Jeff has spent his career in manufacturing. He knows what a factory floor sounds like at 2am, what a changeover looks like when it goes wrong, and what it costs when it does. He also knows something most people in his position have quietly accepted: a lot of what happens on that floor simply disappears.

Not because nobody cares. Because nobody can see it.

"The amount of material we're putting value into and then putting in the bin," he says, "is something everybody is working on. The biggest source of downtime we have is startups and changeovers. That spans almost every process you can imagine — optical films, sandpaper, Scotch tape. It's everywhere."

Jeff is a Senior Manufacturing Technology Specialist at 3M. He's been working with Protex AI's site intelligence platform for the past two years, connecting camera data with process data across his organisation's production lines. When you add up the yield opportunity sitting in data his organisation already has — already collected, already stored — the figure is probably more than half a billion dollars.

"I don't say that lightly," he says.

Why time studies only show you the best part of the day

The standard tool for understanding a production line has been the time study for decades. Someone walks the floor with a clipboard. They observe, record, go back to their desk and write a report.

Jeff knows this ritual. He also knows its flaw.

"When you do a time study, everybody's working as fast as they can. You're an overlord with a clipboard, and you're seeing the best part of the day."

Most downtime doesn't happen during the best part of the day. It happens during a handover, a setup, a moment when nobody with a clipboard is watching. An operator adjusts a knife position. The web nicks. The line stops. By the time anyone asks what happened, the moment is gone.
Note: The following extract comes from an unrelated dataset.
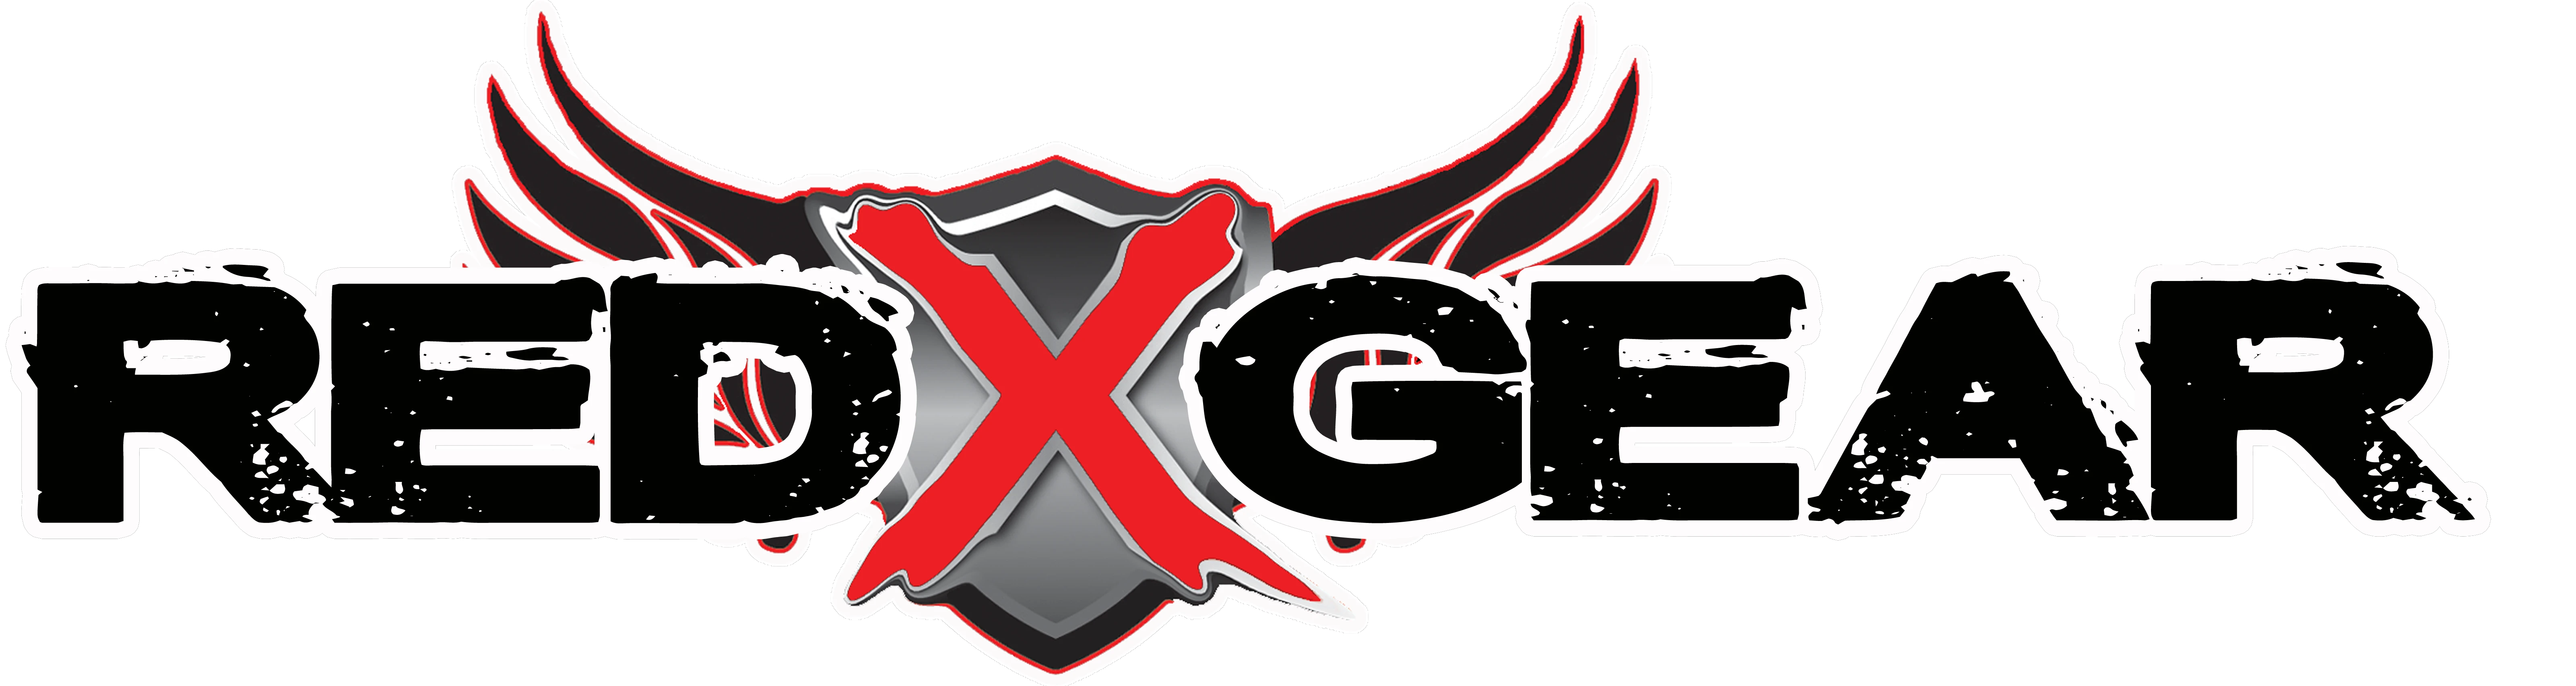 RedX Gear promotions 
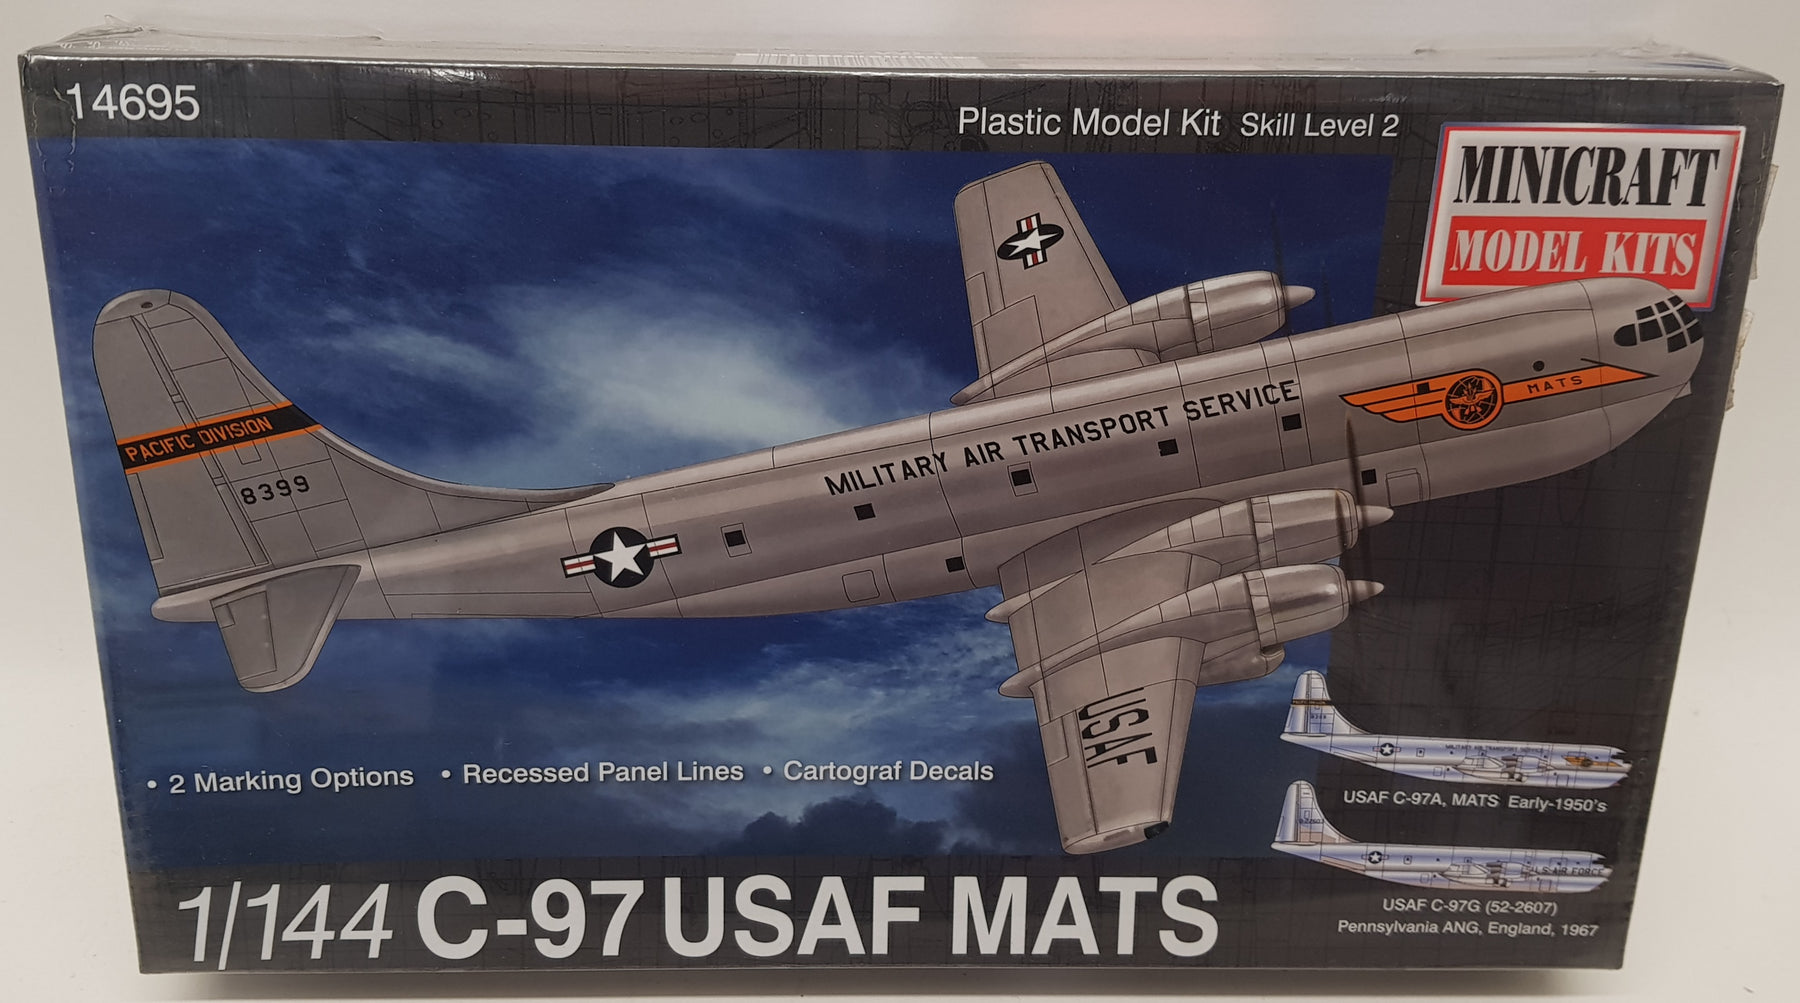 Minicraft Model Aircraft Kit 14695 - 1/144 Scale C-97 USAF MATS

"There's no way you can get that from process data," Jeff says. "But you need to know why it happened."

Video fills that gap — not just as footage, but as context. What were the ten minutes before? Not what the sensors logged. What actually happened.

Jeff's team tested this with a quality defect that kept appearing on one of their lines. They pulled the last 15 instances. In every case, within ten minutes of the defect, an operator had been at the die and cleaned the lip improperly. They had video for each one.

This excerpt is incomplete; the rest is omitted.